The composer’s opera Die Loreley had already been produced, as had his first
significant choral works, by the time the 26-year-old composer began work on
the concerto in the summer of 1864.
Nearly 18 months later he wrote to his former teacher Ferdinand Hiller: “My
violin concerto is progressing slowly – I do not feel sure of my feet on this
terrain. Do you think that it is very audacious to write a violin concerto?” A
first version, completed by the beginning of 1866, was withdrawn by the
composer after a single performance on 24 April.
Dissatisfied, Bruch sent the manuscript to the great virtuoso Joseph Joachim
for his comments. Joachim replied with a detailed list of proposals for the
work’s improvement (some of which were taken up) to which Bruch
responded with a list of diffident queries and suggestions.

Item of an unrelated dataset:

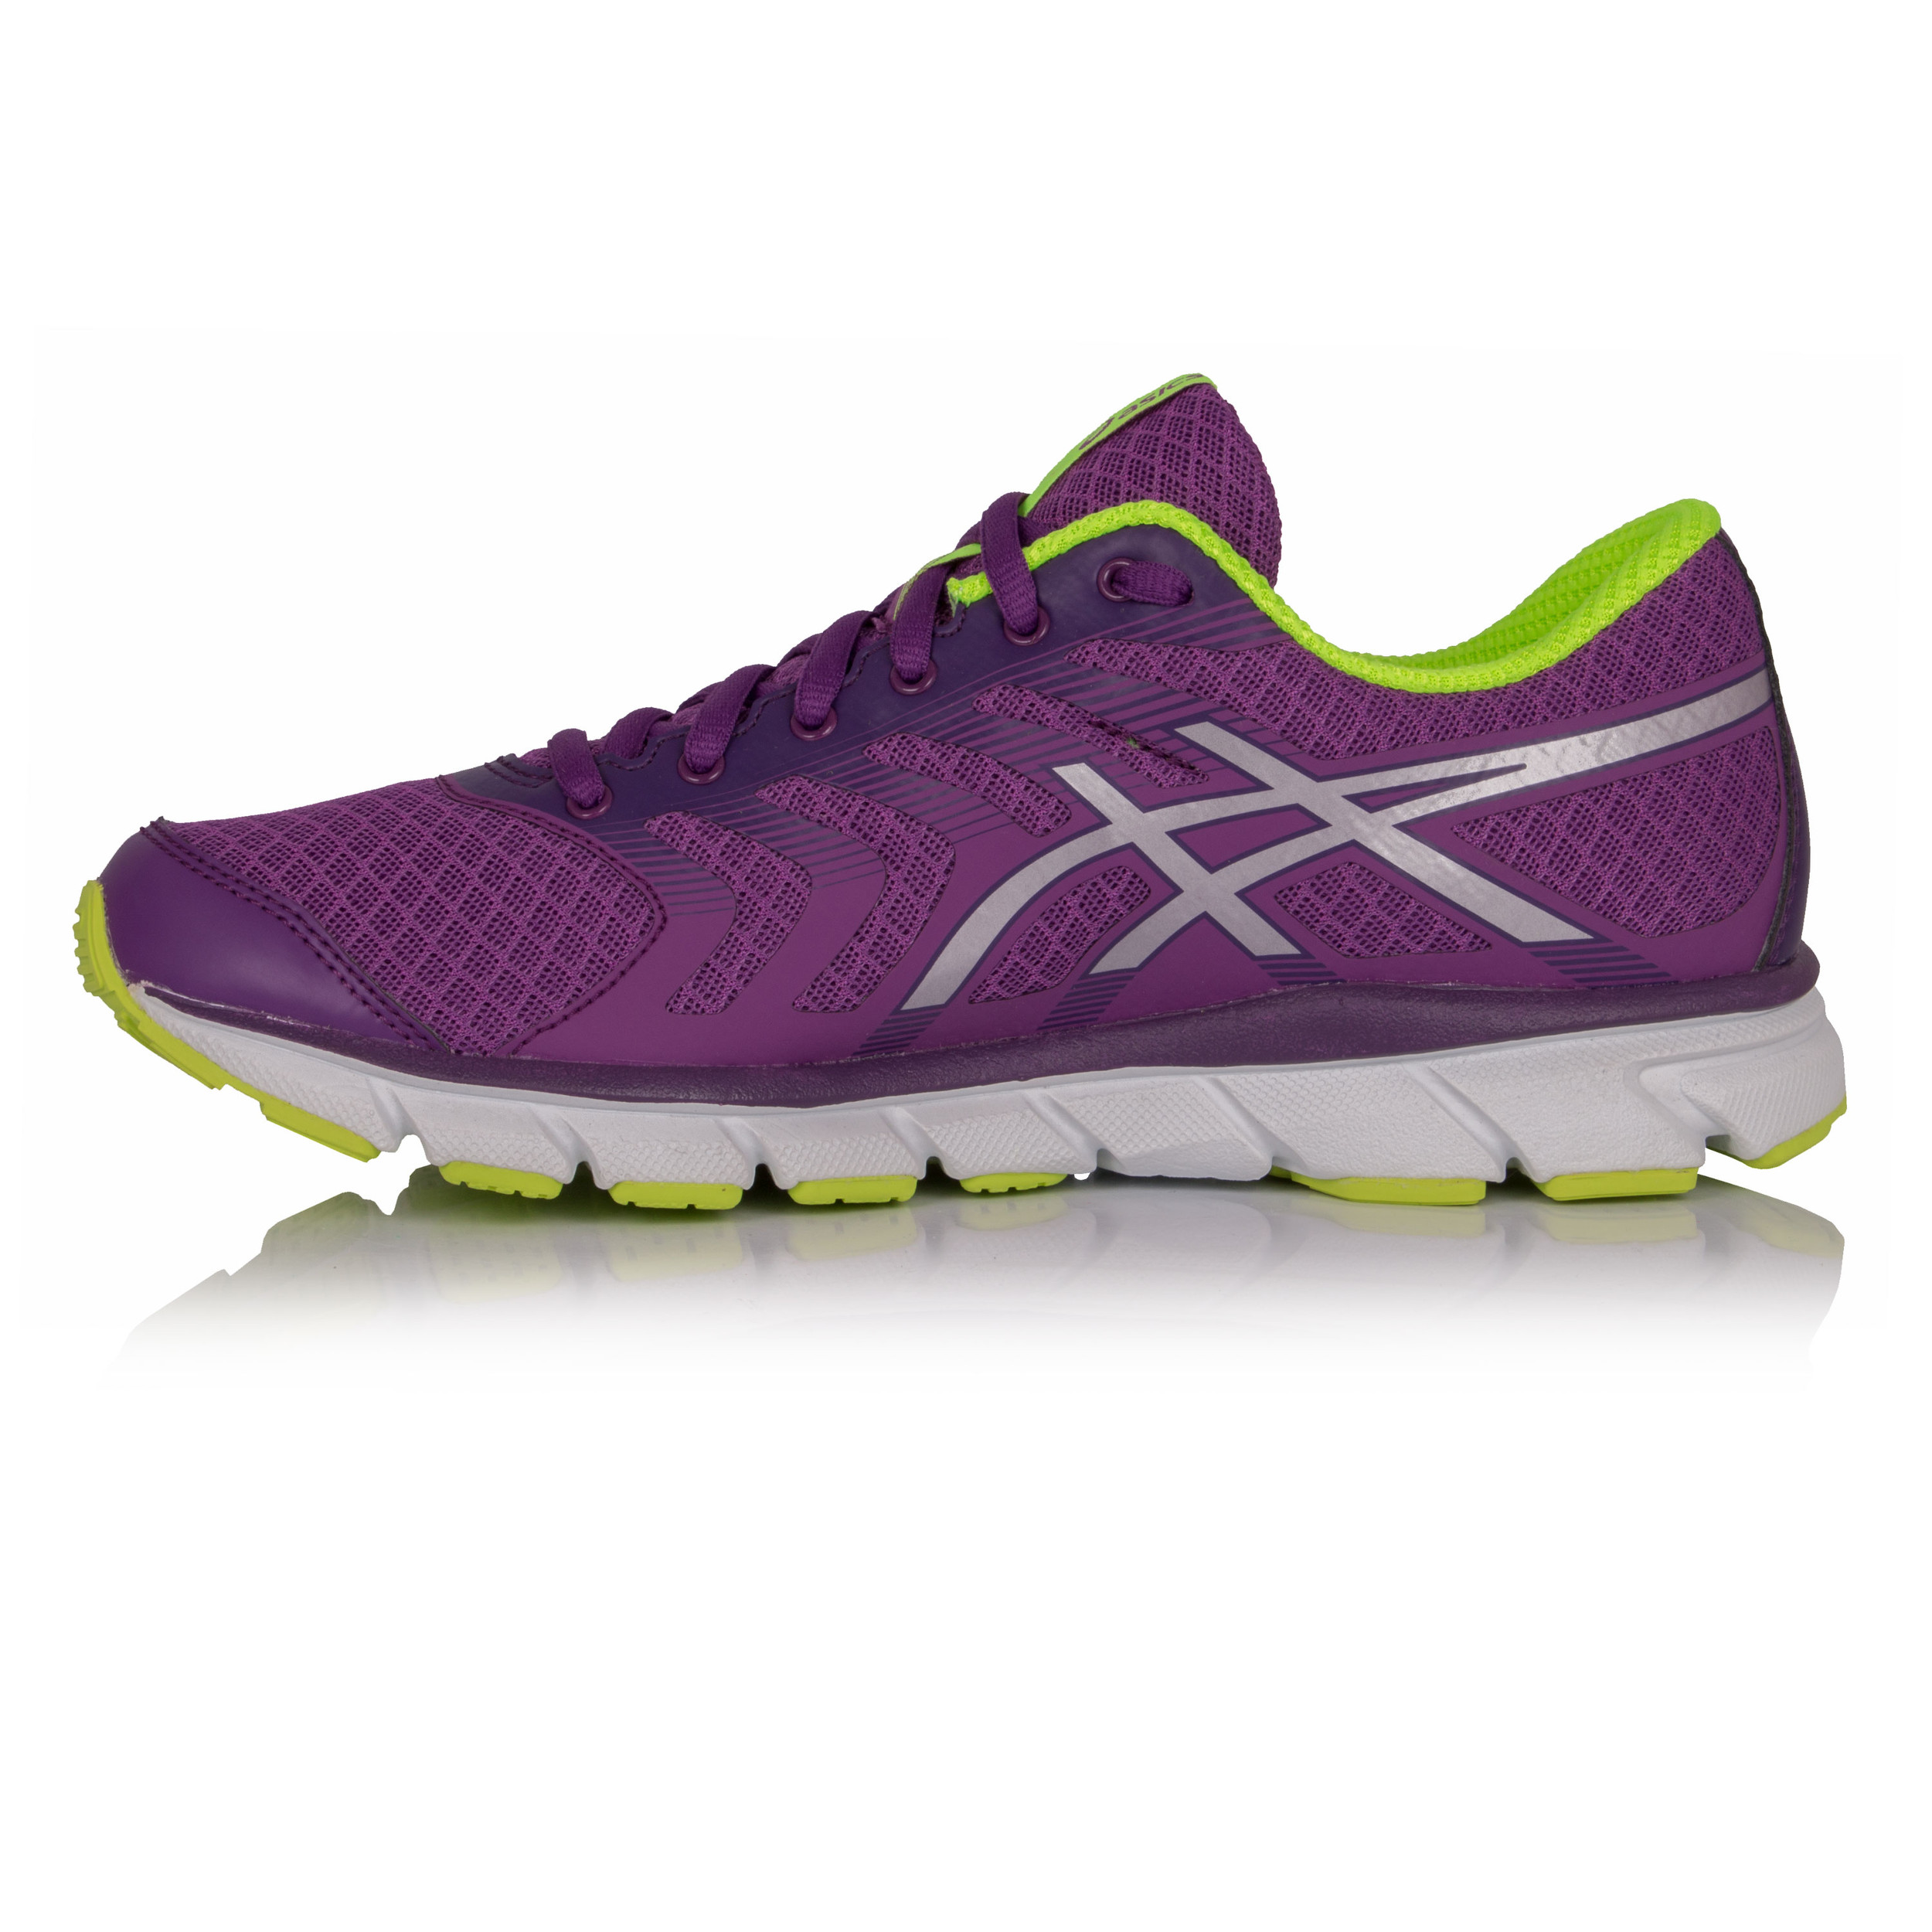 Asics Schuhe Damen Lila Gel-Xalion 3 Laufschuhe Jogging Sport Schuhe Asics Trainingsschuhe Vi 321025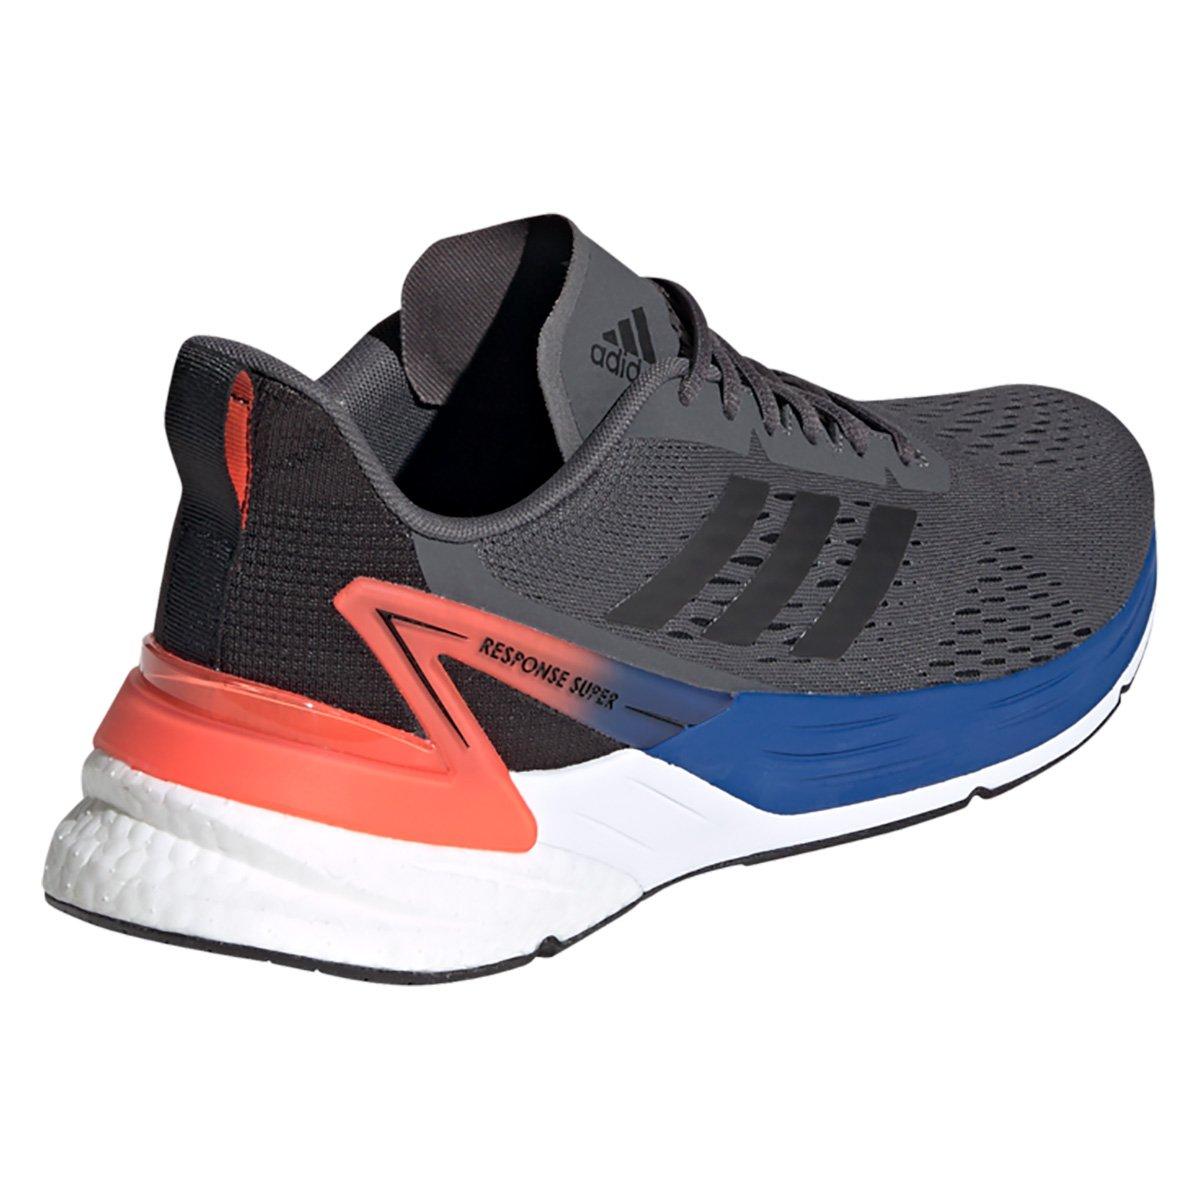 Tênis Adidas Response Super Boost Masculino - Cinza e

He later forbade the publication of this last letter fearing that it would make
him seem too dependent on Joachim for the composition. Still insecure about
his work, Bruch then sent the score to his conductor friend Hermann Levi and
the composer and violinist Ferdinand David for their comments (David had
advised Mendelssohn on his Violin Concerto in E minor two decades earlier
and had given its first performance).
At last, having been rewritten, in Bruch’s words, “at least half a dozen times”,
the concerto was completed to his satisfaction and given its first performance
in its final and definitive version on January 7, 1868 in Bremen with Karl
Reinthaler as conductor and Joachim as soloist.
La ópera del compositor Die Loreley ya se había producido, al igual que sus
primeras obras corales significativas, cuando el compositor de 26 años
comenzó a trabajar en el concierto en el verano de 1864.
Más tarde prohibió la publicación de esta última carta por temor a que
pareciera demasiado dependiente de Joachim para la composición. Todavía
inseguro sobre su trabajo, Bruch luego envió la partitura a su amigo director
Hermann Levi y al compositor y violinista Ferdinand David por sus
comentarios (David había aconsejado a Mendelssohn sobre su Concierto para
violín en mi menor dos décadas antes y había dado su primera actuación).